Il est certes arrivé que des présidents français de droite nomment au gouvernement des hommes de gauche modérés, ou inversement que des présidents de droite désignent des personnalités de gauche modérées. Mais on n’a jamais vu de véritables alliances de gouvernement entre la gauche et la droite, lorsque l’une ou l’autre a pu disposer d’une majorité aux élections. Le fait que certains gouvernements de droite ou de gauche étaient souvent chargés de symbolique en rapport avec leur réussite – Front populaire et acquis sociaux, gouvernement gaulliste et stabilité institutionnelle et trente glorieuses – ne facilite pas les choses.

Aussi spectaculaire soit-elle, la cohabitation ne peut à l’évidence être considérée comme une alliance ni comme une forme d’alliance. Elle s’est imposée institutionnellement en France, et tardivement, à la faveur des circonstances politiques. Facilitée par le déroulement successif des deux élections présidentielles et législatives, et par le risque, en cas de dissolution maladroite du Parlement par le président, de faire perdre à celui-ci sa propre majorité au profit de l’autre camp (cas de la dissolution du Parlement par le président Chirac).

Dans la culture politique française, l’alliance entre droite et gauche est dans l’inconscient collectif des peuples, comme dans celui des dirigeants politiques, une forme de « trahison », alimentée par les réminiscences de la Révolution. Les aristocrates, comme les traîtres, sont destinés à l’échafaud. Les contre-révolutionnaires, à la guillotine. La Révolution n’a-t-elle pas guillotiné ses propres promoteurs, tant il est vrai que cette histoire française est passionnée et survoltée. Les Amis ne collaborent pas avec les Ennemis. La politique est manichéenne, comme le bien et le mal. Déjà, dans l’histoire française prérévolutionnaire, les aristocrates et le peuple ne se mélangeaient pas, ne collaboraient pas ensemble, contrairement aux classes sociales en Angleterre à la même époque.

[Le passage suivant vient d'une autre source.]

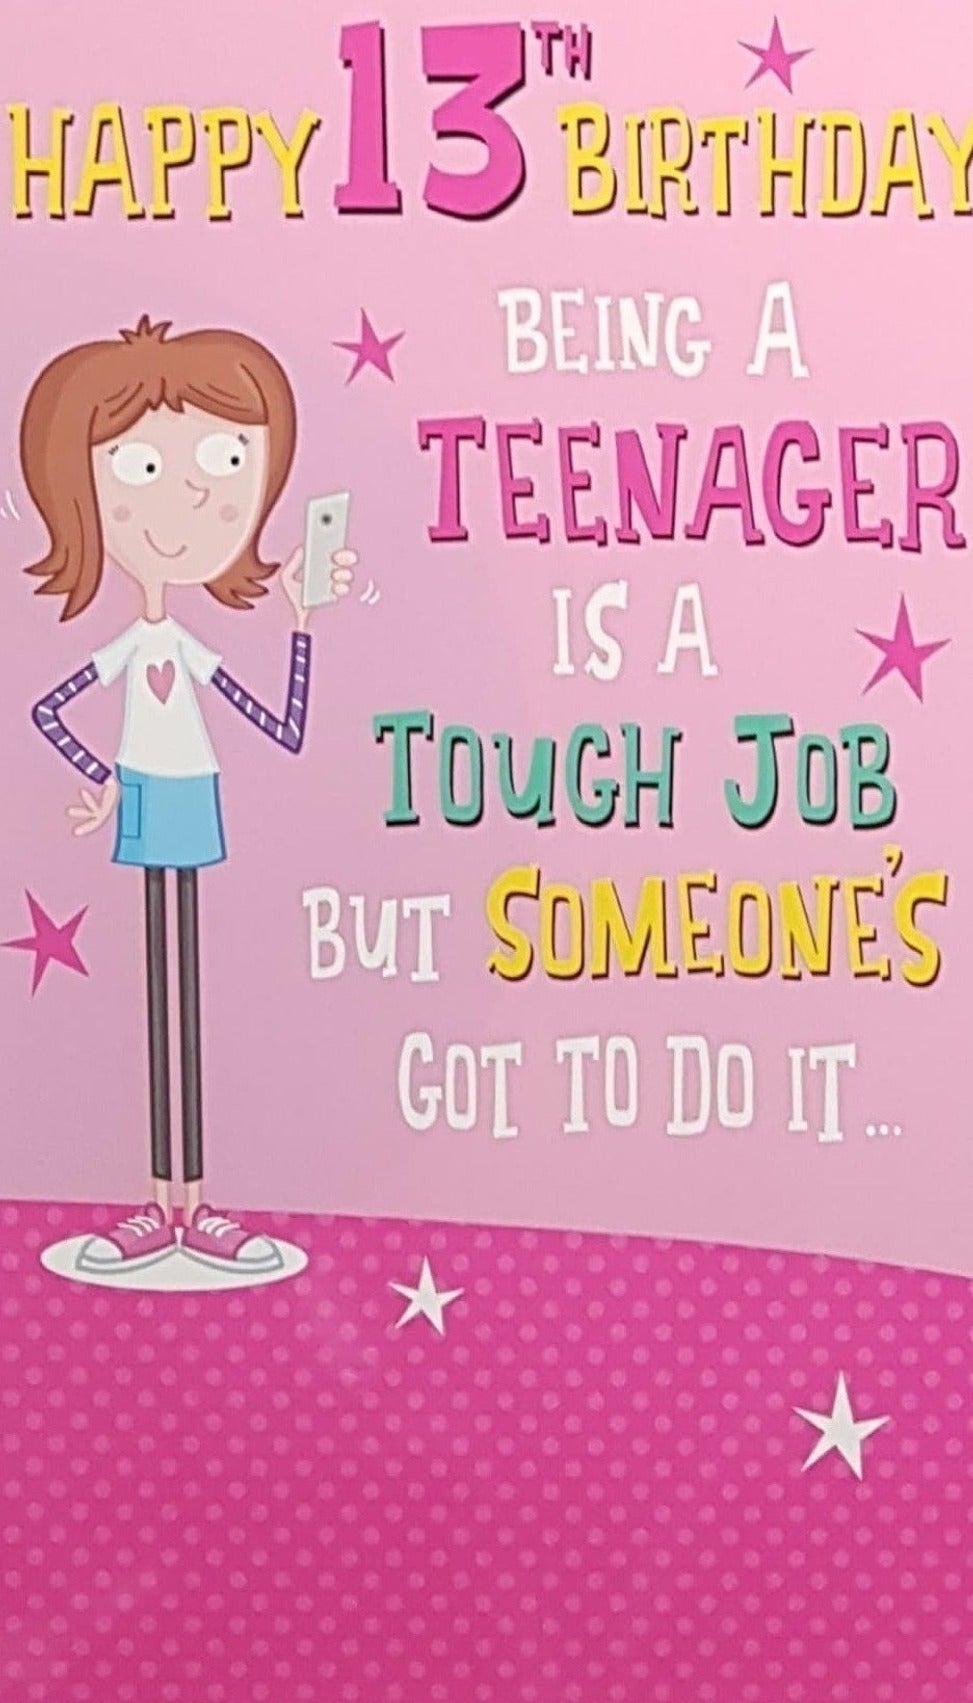 Age 13 Birthday Card - Being A Teenager Is A Tough Job...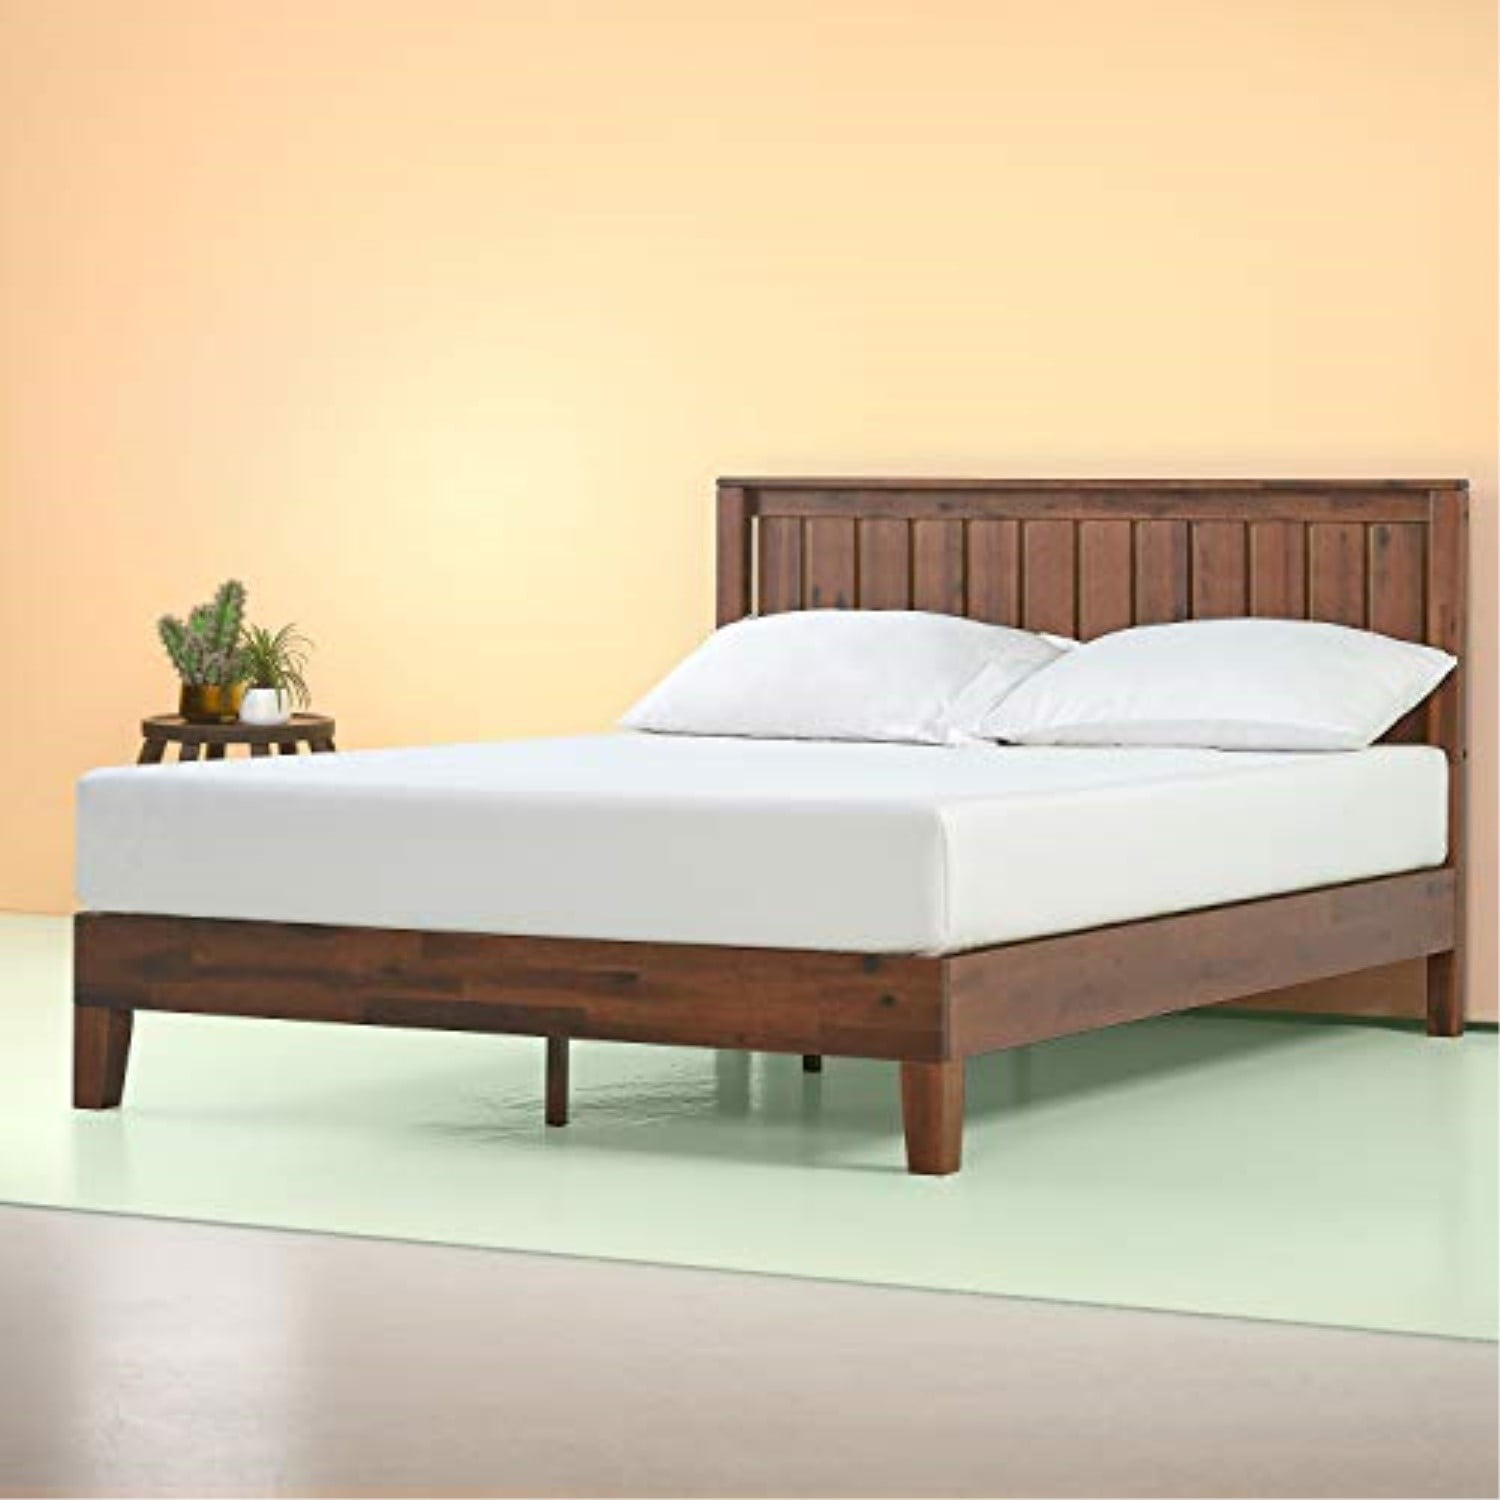 Deluxe Wood Platform Bed With Headboard, Zinus King Bed Frame With Headboard

C’est d’ailleurs une des raisons expliquant l’économie d’une révolution faite par l’Angleterre et inversement son éclatement en France.

Les présidents français ont souvent obtenu des majorités au Parlement, aussi bien par rapport à leurs partis, que par rapport à leurs majorités politiques. Il est rare que dans la Ve République, un parti puisse avoir à lui seul la majorité absolue. Macron a obtenu exceptionnellement la majorité absolue au Parlement en 2017. On a considéré aujourd’hui aux législatives de 2022 que la perte de sa majorité absolue au Parlement est un semi-échec. Pourtant, la tradition est favorable, non pas à la majorité absolue du parti vainqueur (chose rare), mais à la majorité absolue des coalitions de droite ou de gauche.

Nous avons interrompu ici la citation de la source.